Wat betreft de diagnose richten we ons op het definiëren van een meer betrouwbaar criterium ondersteund door microstructurele informatie over het aneurysma weefsel. Hiervoor zullen we een unieke dataset ontwikkelen waarin beeldvorming gegevens, geometrie, mechanische eigenschappen, microstructurele parameters en patiënt karakteristieken worden opgeslagen. Correlaties tussen klinisch meetbare parameters en microstructurele parameters die een maatstaf zijn voor het risico op ruptuur zullen gecontroleerd worden.
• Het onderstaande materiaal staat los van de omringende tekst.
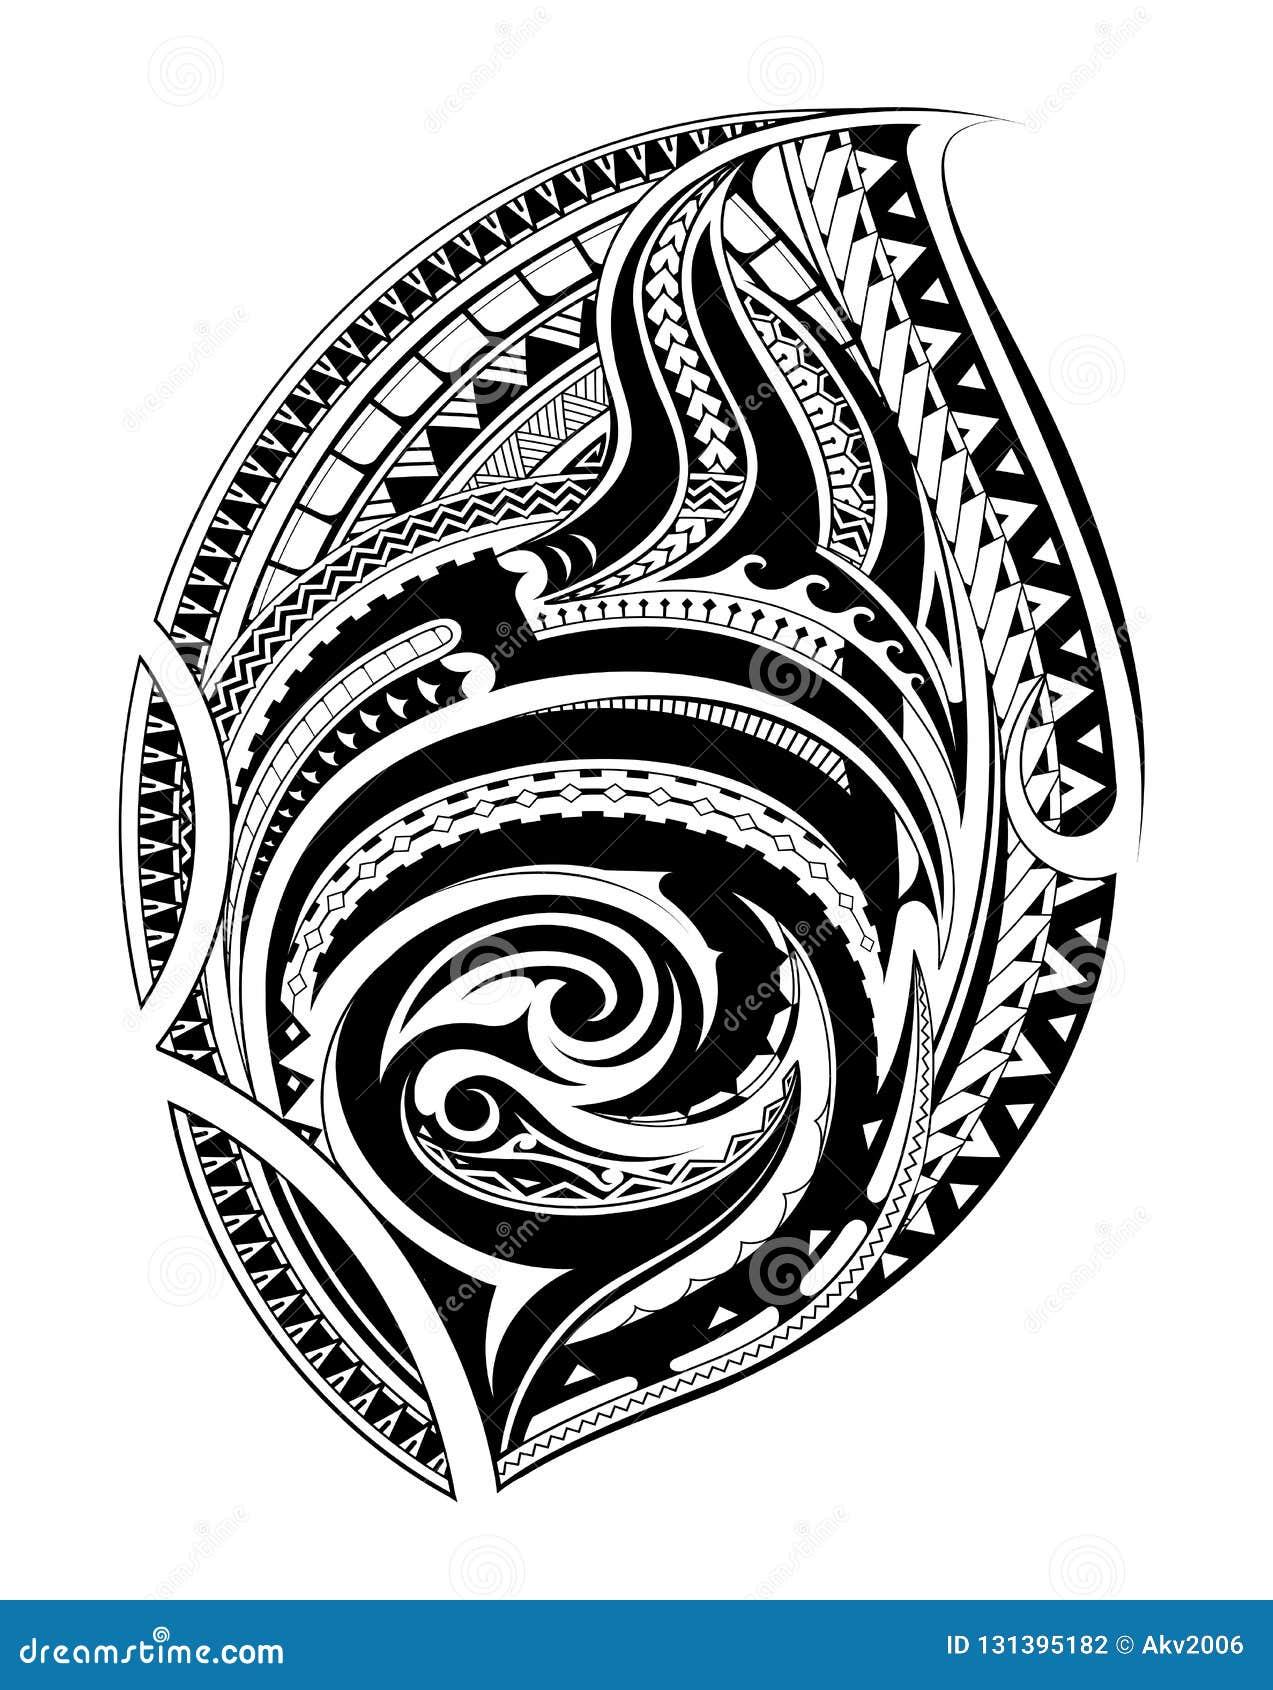 feb6210588f9c Polynesian ethnic style ornament. Good for chest or sleeve tattoo design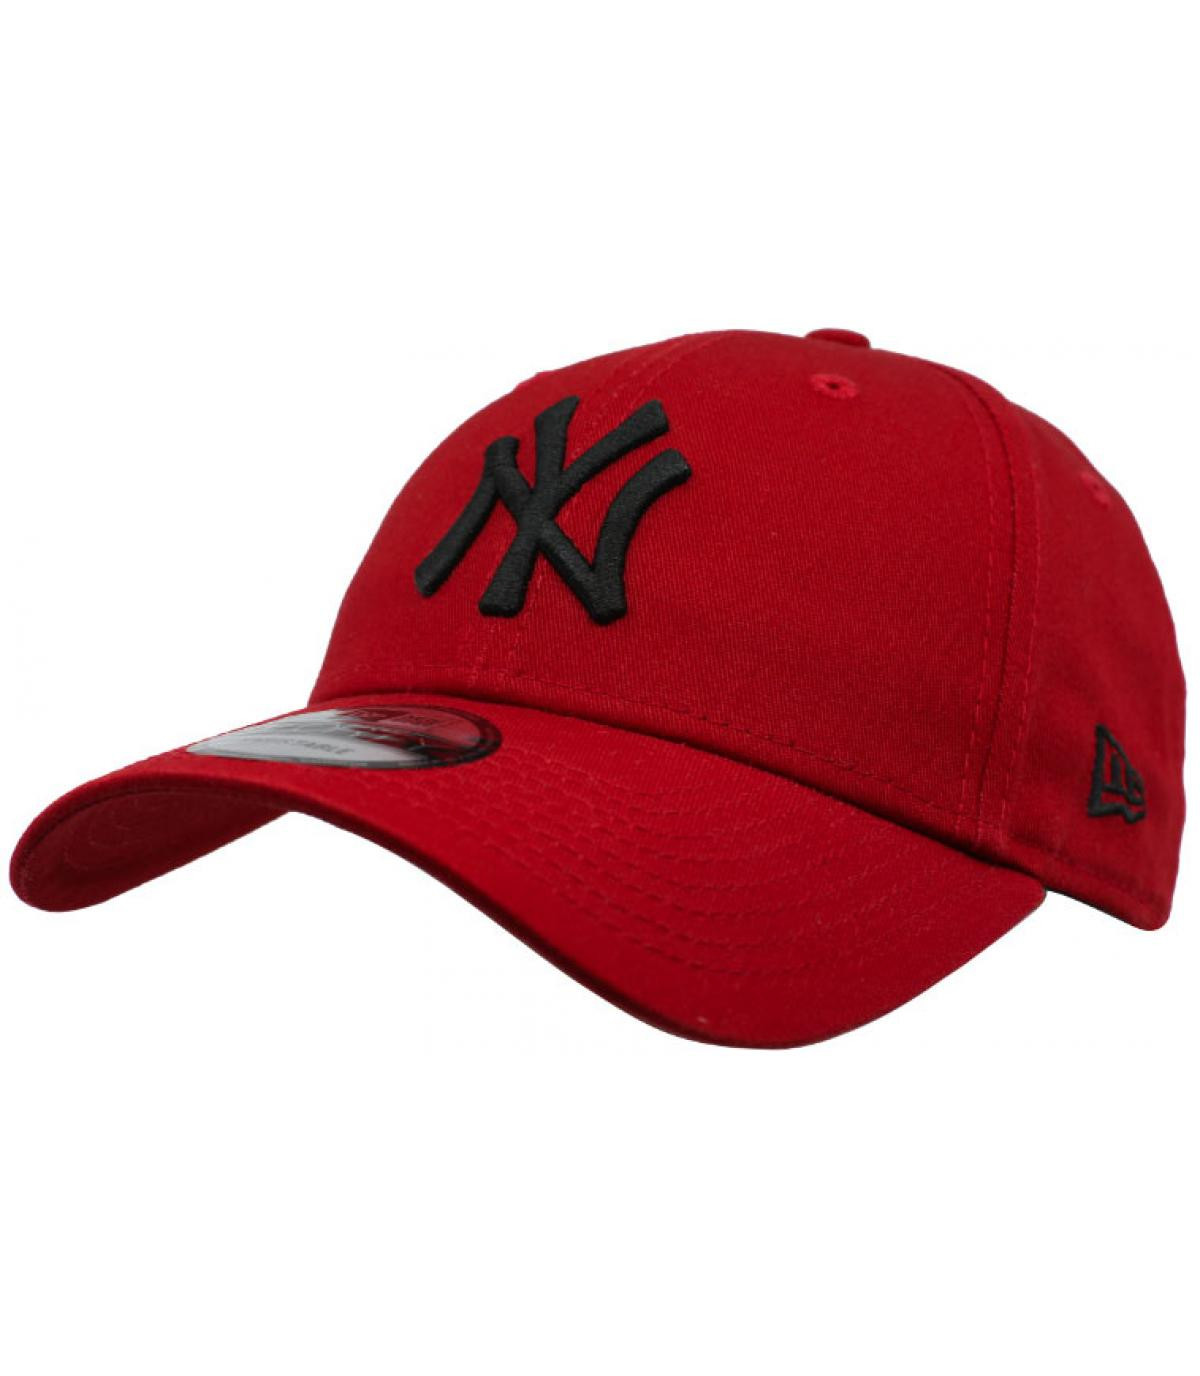 Détails League Ess NY 9Forty hot red black - image 2

Wat betreft de behandeling kan het gebruik van een gepersonaliseerde exostent een minder invasief en minder gevaarlijk alternatief zijn. Met behulp van schaapexperimenten zullen we te weten komen hoe de exostent geïncorporeerd wordt in de aortawand en hoe het de microstructurele eigenschappen van de aortawand beïnvloedt. Histologische kleuringen, immunofluorescent labelen en high-performance liquid chromatography zullen worden uitgevoerd. Het verstrekken van een microstructureel-gebaseerde kwalitatieve en kwantitatieve evaluatie van het plaatsen van een exostent kan het klinisch gebruik van de exostent vergroten en de toepassingen ervan uitbreiden. 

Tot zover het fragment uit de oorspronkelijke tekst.